Even though Gavin was diagnosed one year ago this month with KTS or Klippel-Trenaunay Syndrome, I still feel like we are in the processing stage. We 100% agree that is what he has and have been very proactive to get him all of the right care and to set him up with all of the best doctors. Sometimes though, I just feel like we are going through the motions and doing what has to be done. When I allow myself to really think about it or am explaining it to someone else, I start to get choked up and overwhelmed. I know that we are lucky and blessed in so many ways. Gavin’s health and situation could be far worse and we are grateful he can do all he can do. I never want people to feel sorry for us or him, but sometimes I just need to talk about it to help me process and understand it.
When he was first diagnosed, we didn’t allow ourselves to do much online research. We didn’t want to freak ourselves out or spend time on information that was false. This summer, we’ve done a little more research as more things have come up with Gavin. Because his syndrome is so rare (there are only about 2500 people on record since 1950), there isn’t a ton of information. Also, each case is slightly different. The big things we have come to realize is that his health issues will only get worse with age and that he will need a “team” of doctors to help him through it. Right now, we are in the process of building his team. We have been blessed without measure with doctors who truly care about him and us. They are never too proud to refer to or consult with other doctors. Many of them have never seen a patient with KTS, only heard about it.
Here is a list of Gavin’s most recent team:
Dr. Voyles ~ Pediatrician
Dr. Haggstrom ~ Pediatric Dermatology
Dr. Loder ~ Pediatric Orthopedic Surgery
Dr. Contreras ~ Pediatric Gastroenterology
Dr. Matt ~ Ear, Nose, Throat (Consult only at this time)
Dr. Marshelleck ~ Interventional Radiology (Consult only at this time)
Kerrie ~ Physical Therapist at Easter Sills
Tom Whitehurst ~ Orthotics (Lift)
Jeffrey Hill ~ Orthotist (Compression Sock)

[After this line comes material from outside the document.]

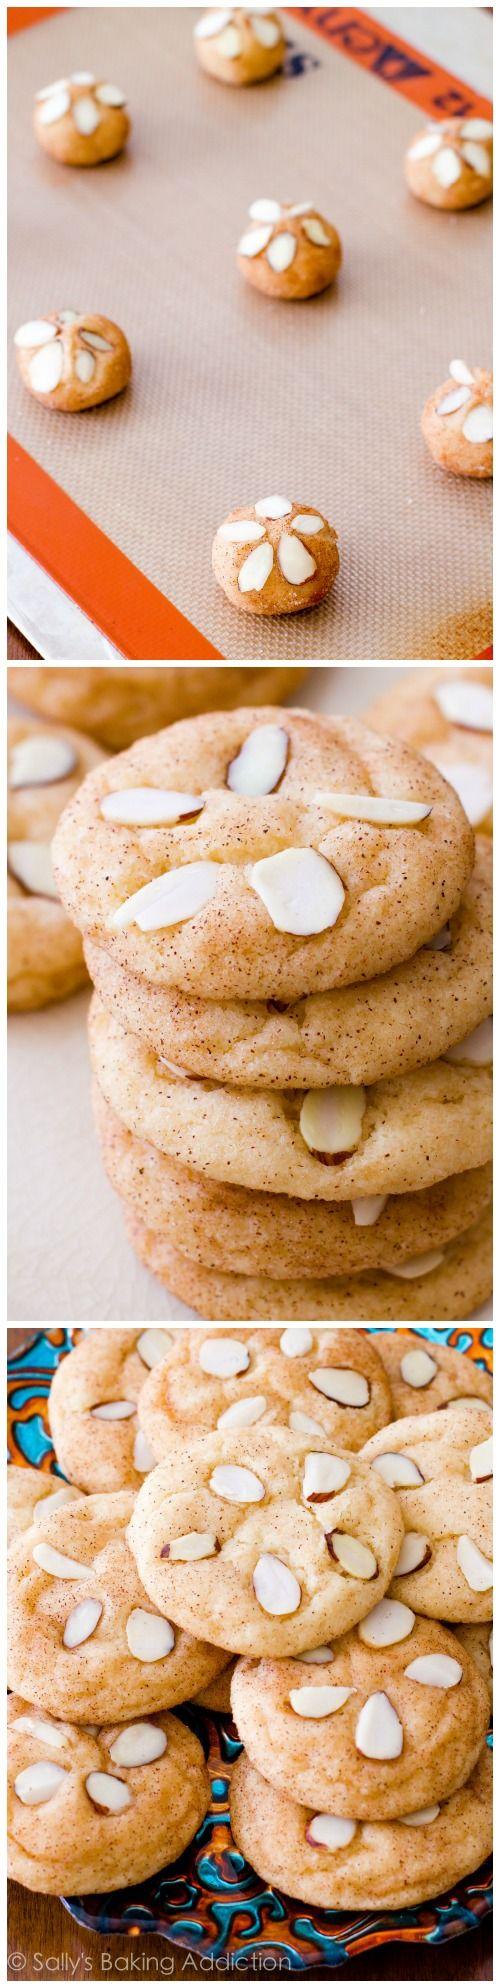 Delicious Cinnamon Sugar Sand Dollar Cookies for the beach!

Sending Gavin to preschool has stirred up a lot of feelings and emotions. I met with his teachers today to talk about my concerns and his needs. We’ve been blessed that he has been with the same person for a long time or only watched by family. This will start a whole new world and journey for him. I am constantly torn between putting Gavin in a bubble and letting him experience the world like a typical 3 year old. I am also torn between encouraging him to do anything he sets his mind to do and being honest with him about his limitations and things doctors have already said no to. It’s a struggle finding that balance and I pray each and every day I can find it for him!